Enteral nutrition offers several advantages over parenteral nutrition, such as using the gastrointestinal tract, which helps maintain intestinal barrier function and supports the gut microbiome, among other benefits.

About Enteral Nutrition Administration Systems

Enteral nutrition is a process that involves the use of an administration system, consisting of an enteral feeding tube and a device known as an enteral feeding set, which connects the tube to the nutritional product.

In enteral administration, the feeding tube and feeding set play fundamental roles. The enteral feeding set, which is the primary device relevant to the present invention, comprises a flexible tube with a sharp element at the proximal end designed to penetrate a specific region of the container holding the enteral food, along with other elements that work synergistically to form a secure connection with the container.

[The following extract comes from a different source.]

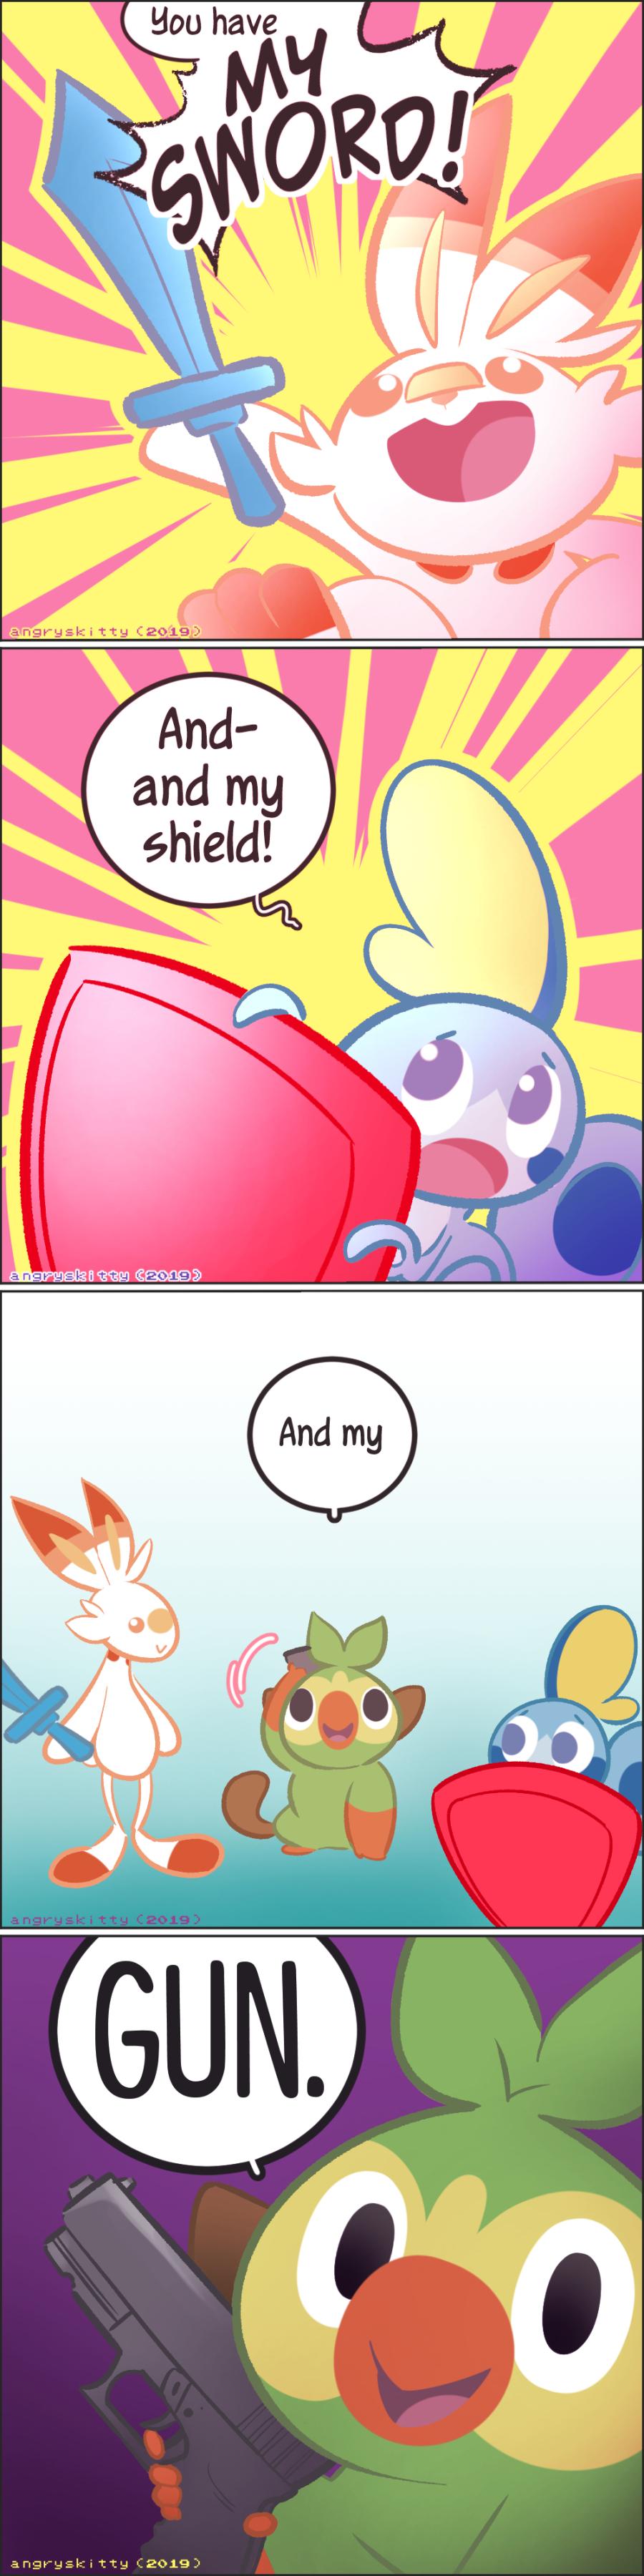 Pokemon Sword And Shield By Angryskitty On Newgrounds

The part of the enteral system formed by the feeding set connected to the enteral feeding tube provides an efficient and secure channel for administering the food, allowing the enteral formula to be delivered directly to the clinically appropriate portion of the patient's digestive system, whether in the stomach or intestine. This procedure ensures that the patient's nutritional needs are met, even when health conditions prevent conventional oral feeding.

Regarding enteral feeding administration techniques, two systems are used, each with unique characteristics directly related to maintaining product sterility and offering different levels of safety during handling, preparation, and administration to the patient: the open system and the closed system. It is important to note that the specifics of the administration technique through the closed system are closely related to the distinguishing feature of the present invention.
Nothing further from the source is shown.